Here’s how Profiling works. If profiling is on, the front end
(elaborator) inserts Enter
and Leave
statements into the source
program for function entry and exit. For example,
fun f n = if n = 0 then 0 else 1 + f (n - 1)
becomes
fun f n =
let
val () = Enter "f"
val res = (if n = 0 then 0 else 1 + f (n - 1))
handle e => (Leave "f"; raise e)
val () = Leave "f"
in
res
end
Actually there is a bit more information than just the source function name; there is also lexical nesting and file position.
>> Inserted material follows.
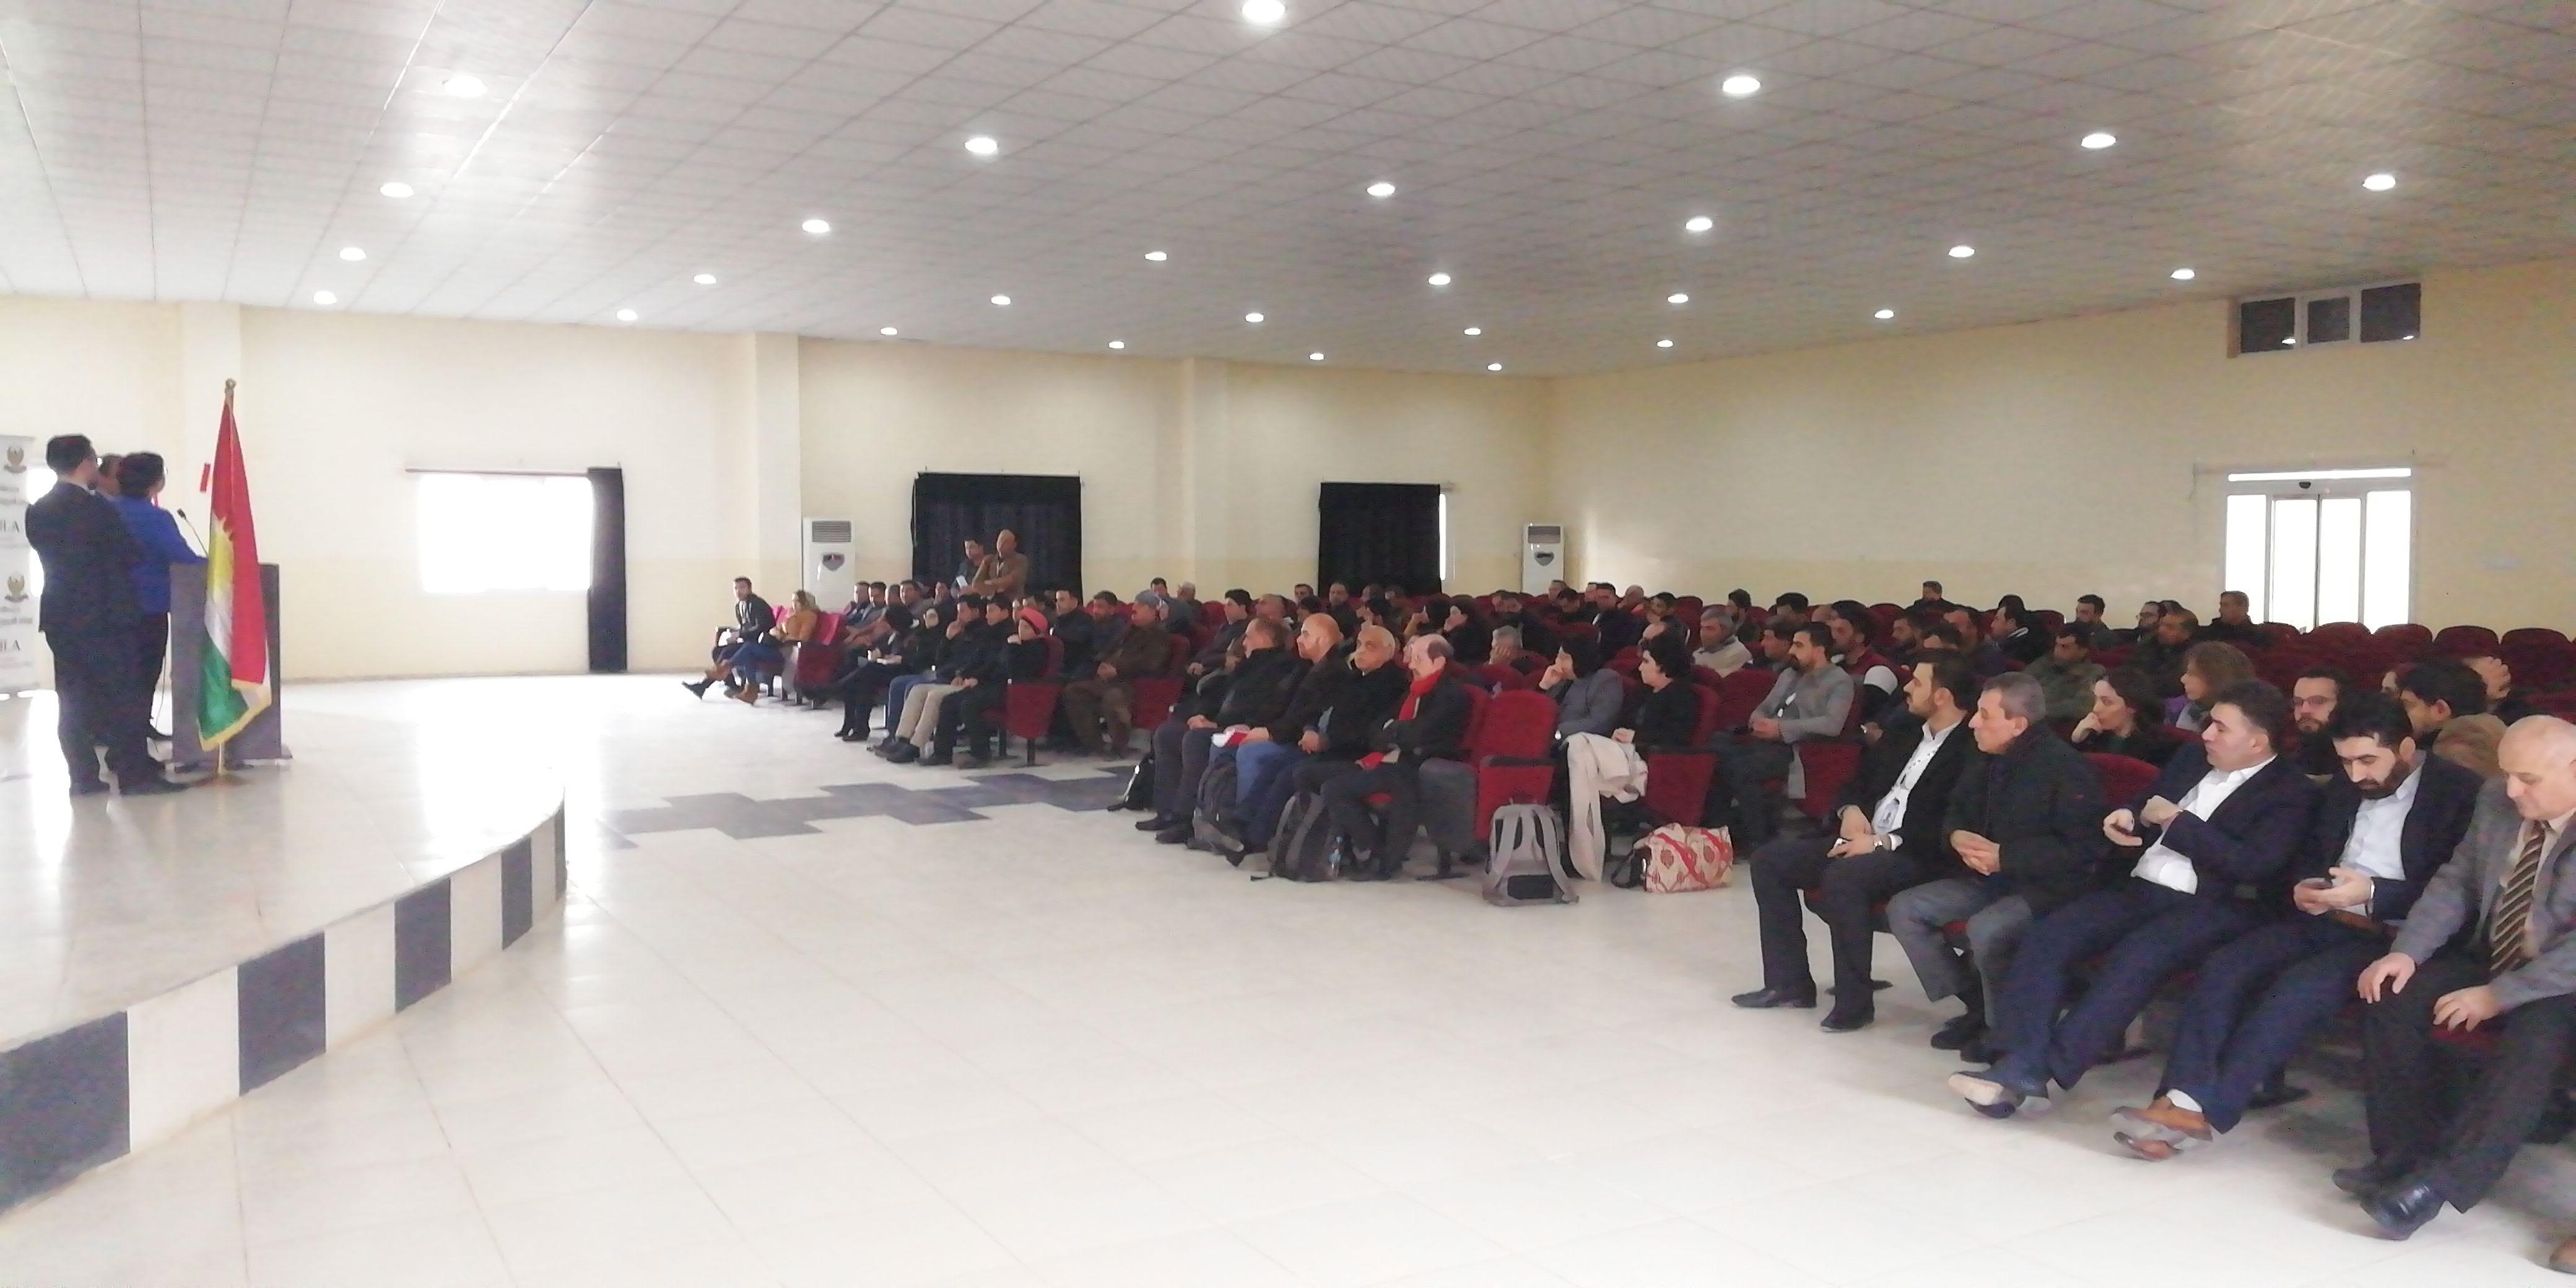 Domiz 1 Refugees Camp session- R-SOS Units opening // Duhok (Iraq) - 15 January 2019R-
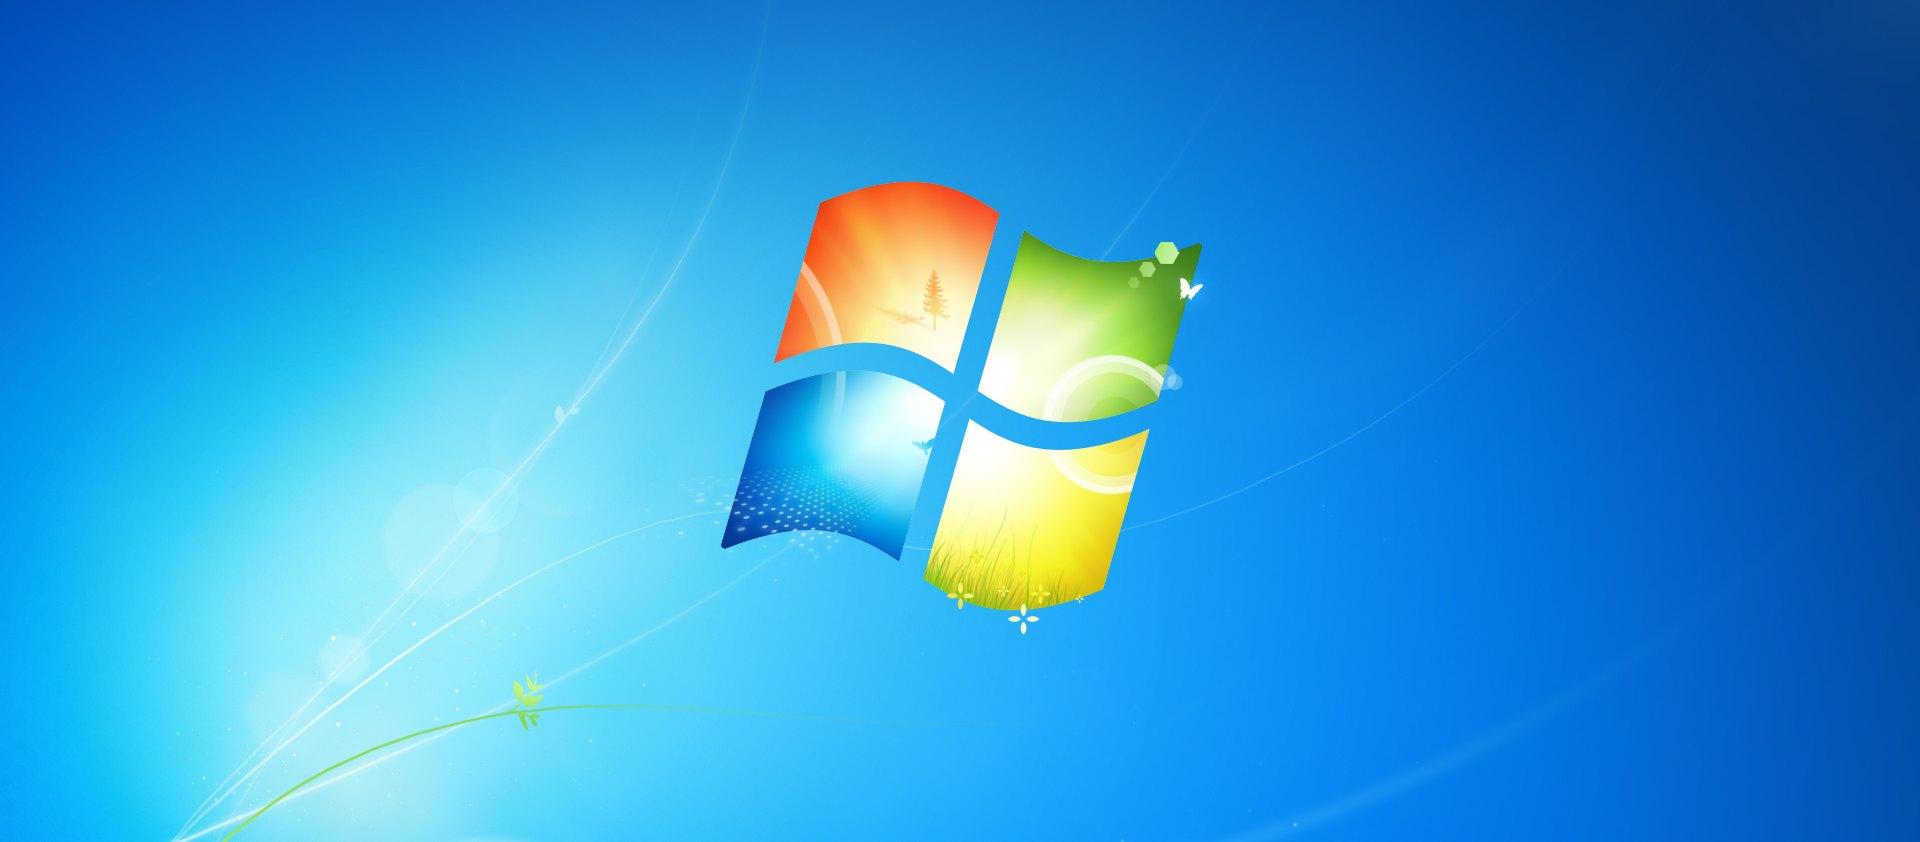 Windows 7 And Windows Server 2008 R2 Service Pack 1

Most of the middle of the compiler ignores, but preserves, Enter
and
Leave
. However, so that profiling preserves tail calls, the
SSA shrinker has an optimization that notices when the only
operations that cause a call to be a nontail call are profiling
operations, and if so, moves them before the call, turning it into a
tail call. If you observe a program that has a tail call that appears
to be turned into a nontail when compiled with profiling, please
report a bug.
There is the checkProf
function in
type-check.fun
, which checks that
the Enter
/Leave
statements match up.
In the backend, just before translating to the Machine IL,
the profiler uses the Enter
/Leave
statements to infer the "local"
portion of the control stack at each program point. The profiler then
removes the Enter
s/Leave
s and inserts different information
depending on which kind of profiling is happening. For time
profiling, the profiler inserts code that sets a global field that
records the local control stack. For allocation profiling, the
profiler inserts calls to a C function that will maintain byte counts.
With stack profiling, the profiler also inserts a call to a C function
at each nontail call in order to maintain information at runtime about
what SML functions are on the stack.
At run time, the profiler associates counters (either clock ticks or
byte counts) with source functions. When the program finishes, the
profiler writes the counts out to the mlmon.out
file. Then,
mlprof
uses source information stored in the executable to
associate the counts in the mlmon.out
file with source
functions.
For time profiling, the profiler catches the SIGPROF
signal 100
times per second and increments the appropriate counter, determined by
looking at the global field that records the local control stack and
mapping that to the current source function.
Caveats
There may be a few missed clock ticks or bytes allocated at the very end of the program after the data is written.
Profiling has not been tested with signals or threads. In particular, stack profiling may behave strangely.